In the Mind's Eye
A System Shock Story By Kevin R. Czarnecki

Whatever those things are, they sure don't bathe.

The smell was terrible, wafting up the floor opening to the fluidics control station. Down below the mutterings of those walking dead, those Many, echoed twice over, once from the metallic ductwork that was commonplace on engineering, and again from that sort of distortion that seemed to come from within them, like an audio record being melted and played. It was haunting and sickening.

Malone heard this in several ways. While the others with him heard these two echoes, he heard a third series, a composite creature's echoing speech. It sounded like a woman's voice, overlapped occasionally with another that sounded like it was growling, inhuman, and another that was low, masculine, but with a hint of that growl.
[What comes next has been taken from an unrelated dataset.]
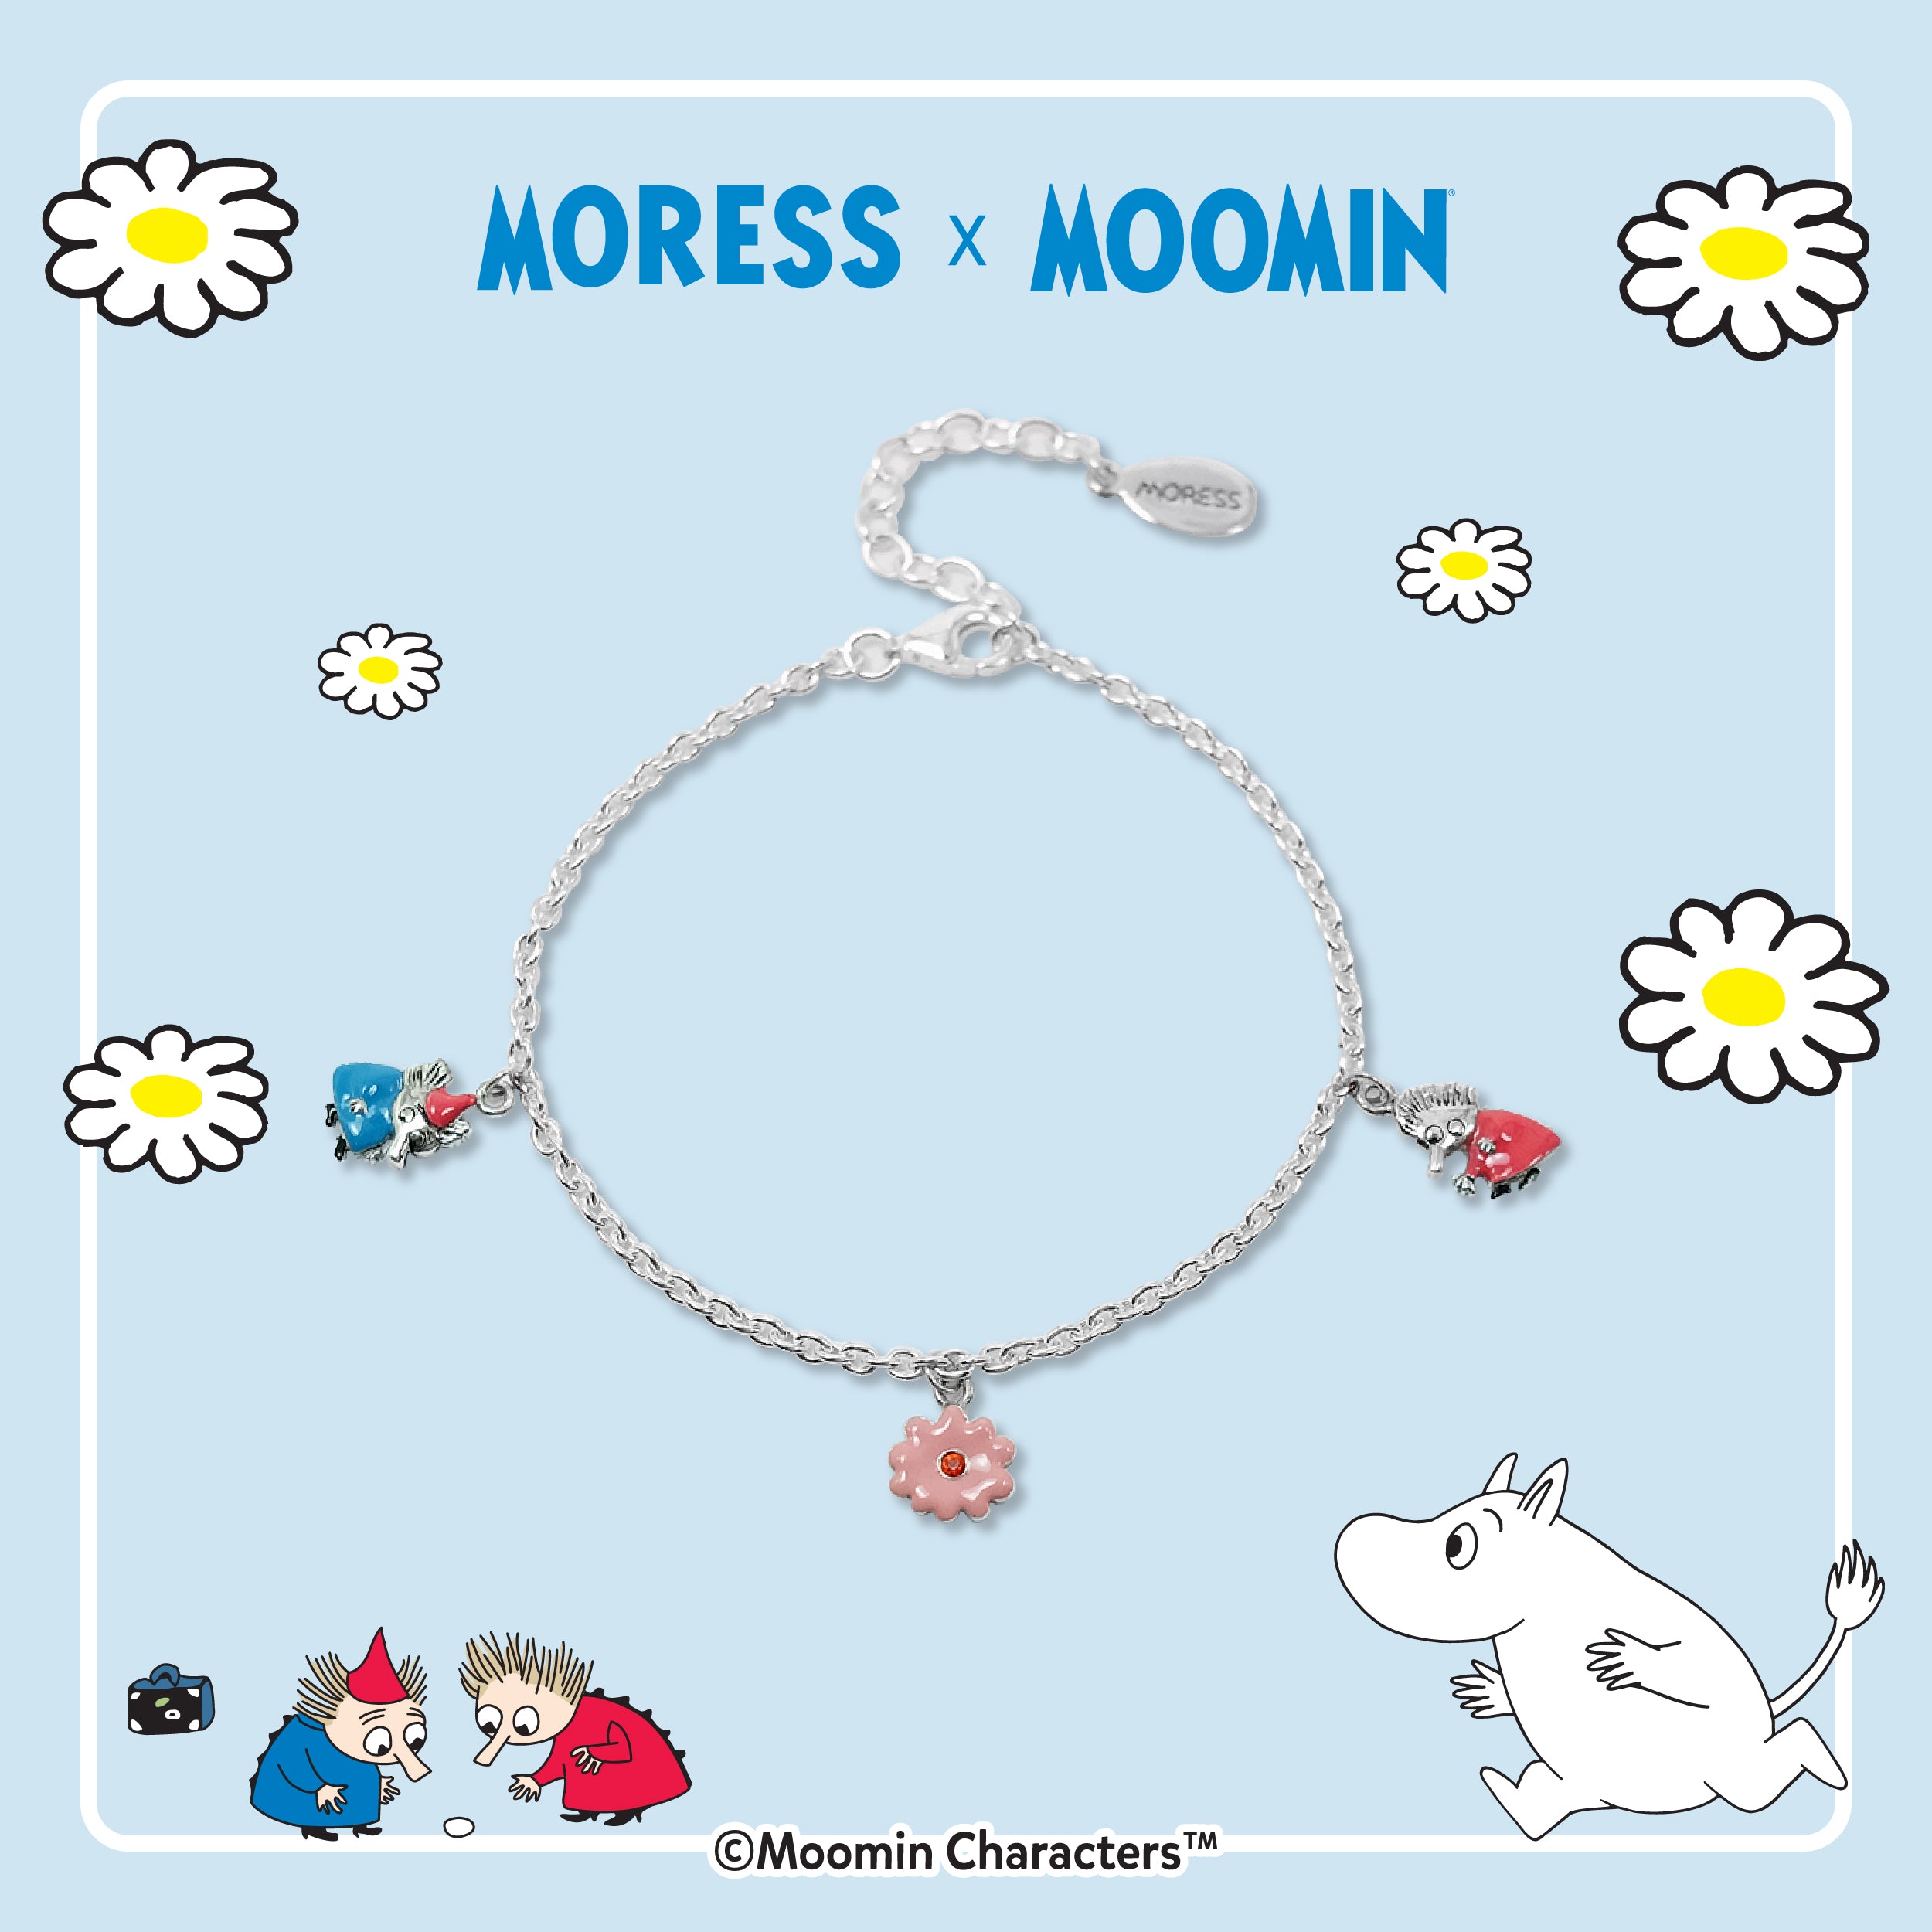 Snorkmaiden and Moomintroll Gold Bracelet - Moress Charms - The
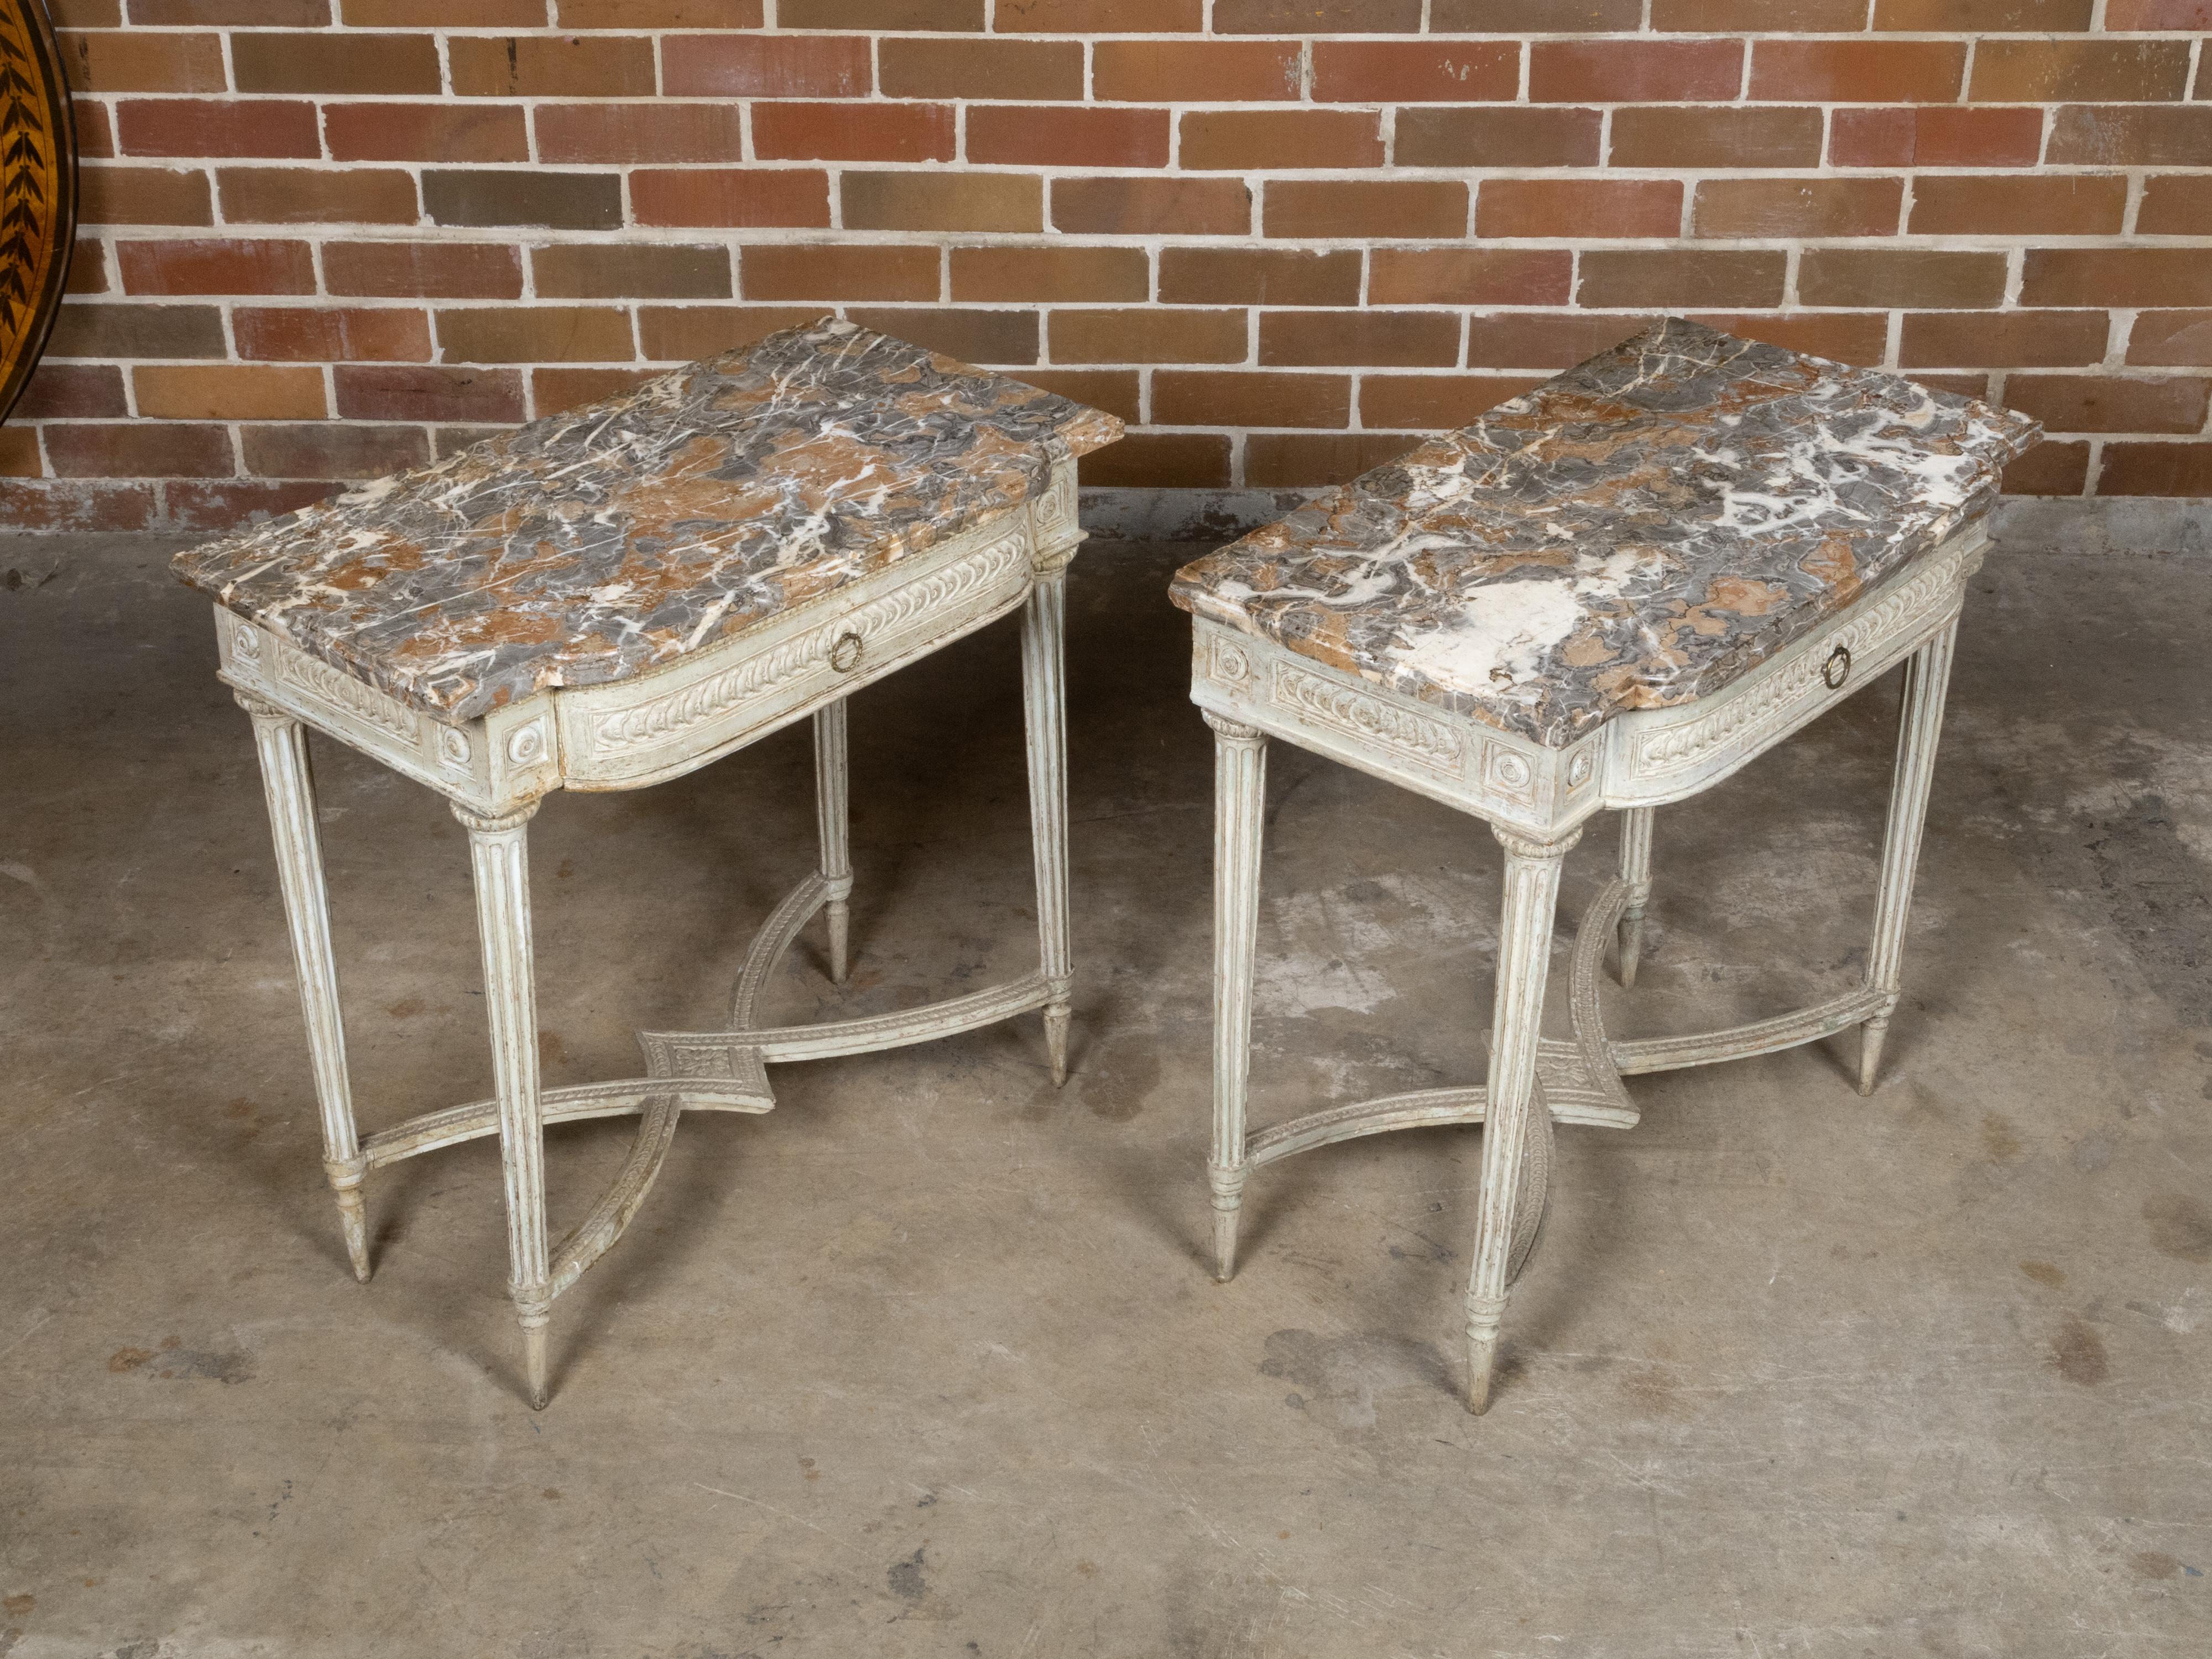 Pair of French Louis XVI 18th Century Painted Console Tables with Marble Tops For Sale 1

They echoed in his mind like the annoying jingle in those Value-Rep commercials.

Why do you- Why do you cling to your individuality? The galaxy is so cold and lonely. We offer company, comfort, peace. Why do you fight?

Malone growled quietly, straining his psyche to exorcise these voices from his consciousness. He mentally ran through an exercise which had been a part of his first year of training as an OSA agent. The sounds of an ocean overcame the voices, and he mentally felt the last traces of the invading intelligence swept out of his mind.

For the moment.

"Hey, are you okay, man?"

Malone opened his eyes. They ached from being squeezed shut for so long. He began to feel his body again, and his hands ached. His fists had been clenched so tightly his knuckles were whiter than usual, and his palms were indented with the impression of his nails. He hadn't realized this was going on.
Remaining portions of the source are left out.